Наверное, я не прошла и пятисот метров, а уже готова была остановиться и заплакать. Здесь всё — память. На каждом шагу что-то напоминающее о моём прошлом. Вот та самая дорога, по которой я ходила в школу, вон угол дома, в котором жила Инна, а дальше «коробка», что превратиться зимой в импровизированный каток — на нём папа учил меня кататься на коньках…

А здесь что-то новенькое — новостройка. Раньше на её месте стояла палатка с мороженым, единственная в городе работавшая всю зиму. В сугубые холода окошко в ней было наглухо закрыто, подходили к ней редко, однако, ободряющая надпись «Открыто — стучите» давала надежду на то, что полакомиться щербетом в -20 ты всё же сможешь. Мы со Славой проходили мимо почти каждый день, но эта надпись или, ещё лучше, торчащая из-под стекла книга, благодаря которой окошко оставалось полуоткрытым во время оттепели, служили нам маяком в бесконечной бели и пурге.
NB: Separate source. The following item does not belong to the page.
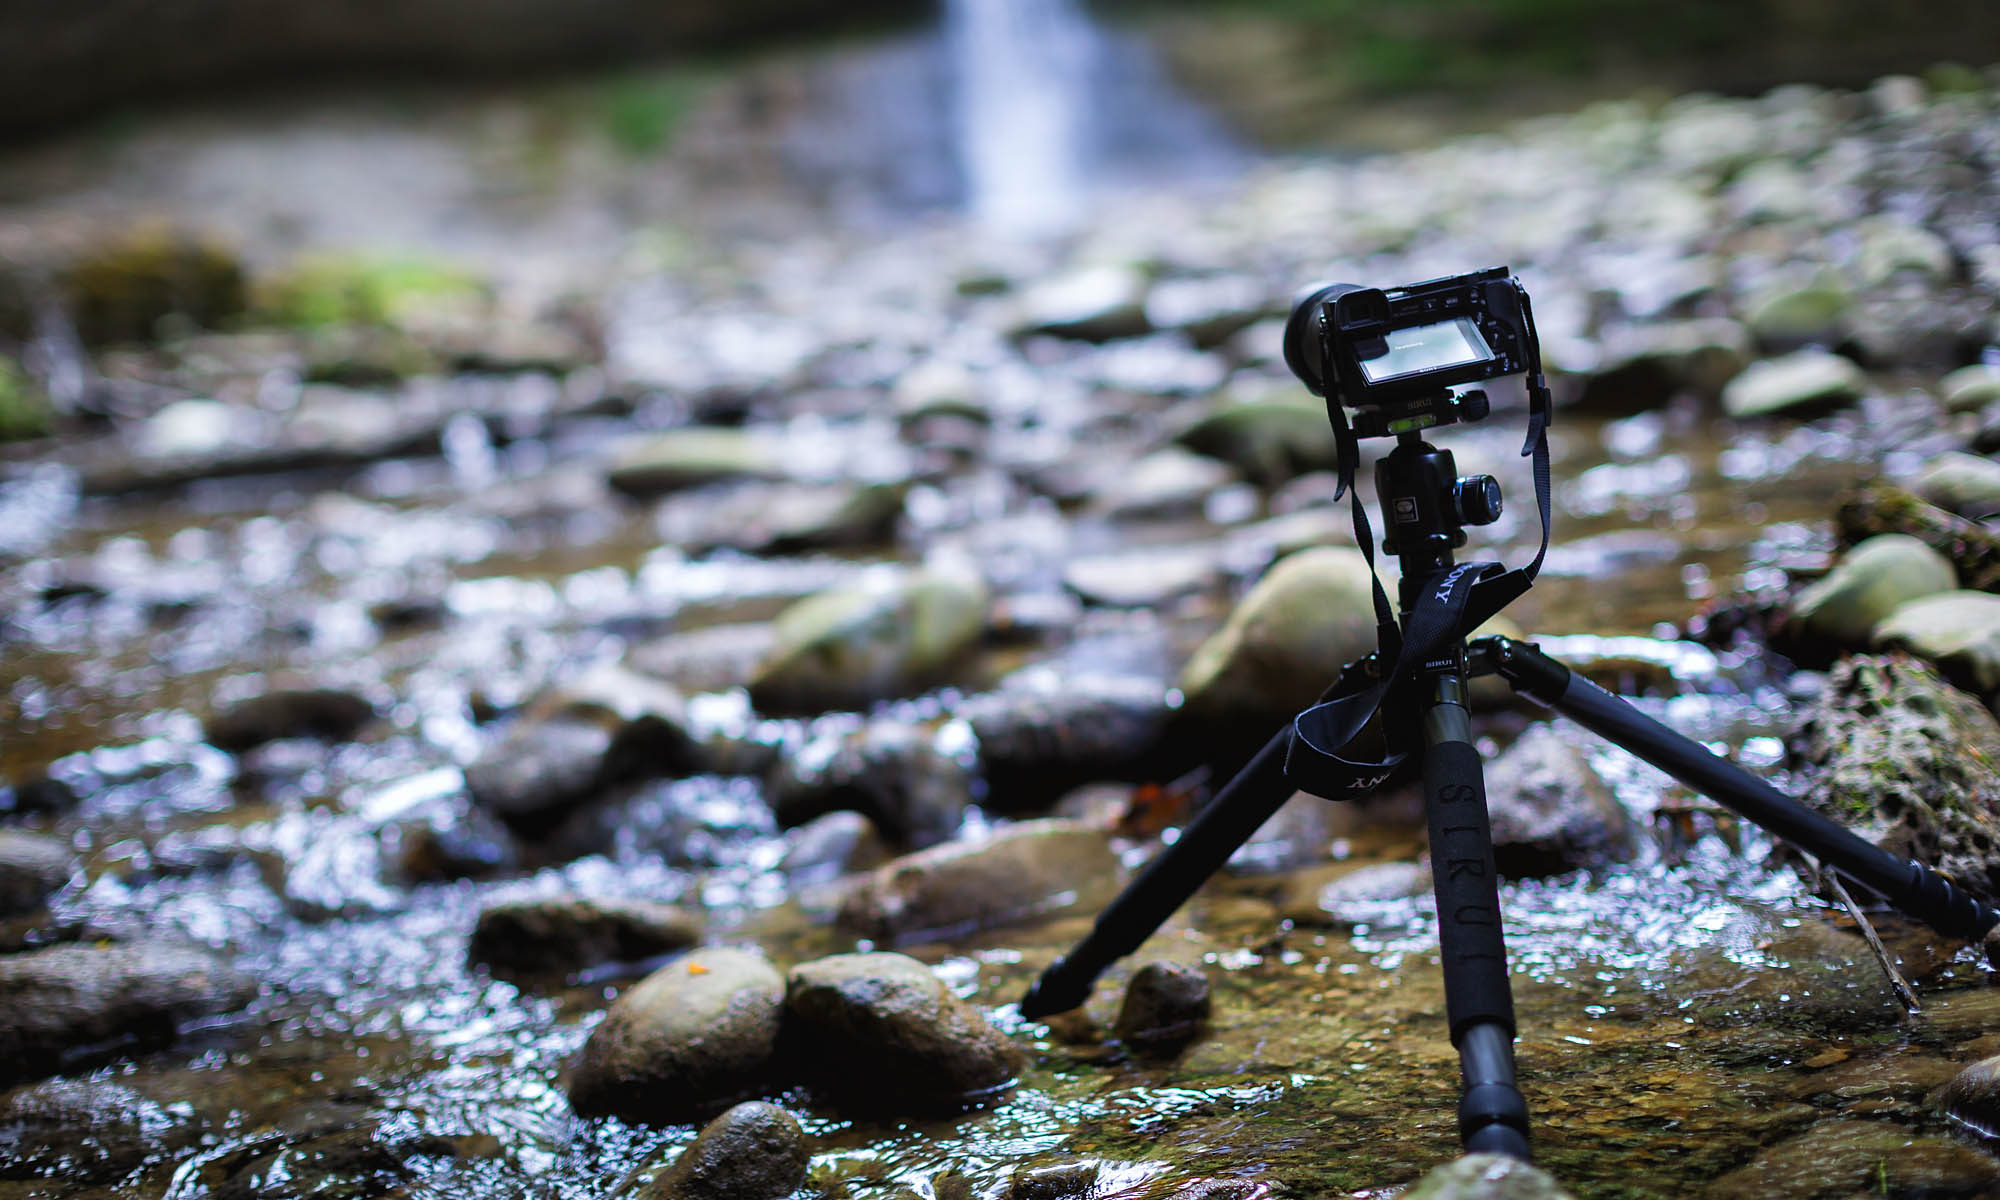 Fotokurse im Zürcher Oberland | entspannt Fotografieren lernen

Я шла домой, то и дело мотая головой в разные стороны, всюду находя нечто знакомое и родное, как вдруг услышала своё имя. «Девушка, у вас всё в порядке?» — я была готова поверить, что слышу эти слова. Но нет — на деле только моё имя. Очень отчётливо. К тому же голос женский. Но меня ли окликнули? Мало ли здесь живёт Ник…

— Липатова! Вероника! Я к тебе обращаюсь!

Этот голос… Высокий, чуть надменный — командирский. Не может же это и вправду быть… Катька.

— Катя?! — я чуть не вскрикнула, когда, обернувшись, обнаружила перед собой во плоти человека из прошлого, о котором лишь недавно читала такие болезненные воспоминания в дневнике. Мы не виделись с выпускного.

— Глядите-ка, признала! Я уж думала, что так и не докричусь. А ты всё такая же, Ника — вся в себе, да?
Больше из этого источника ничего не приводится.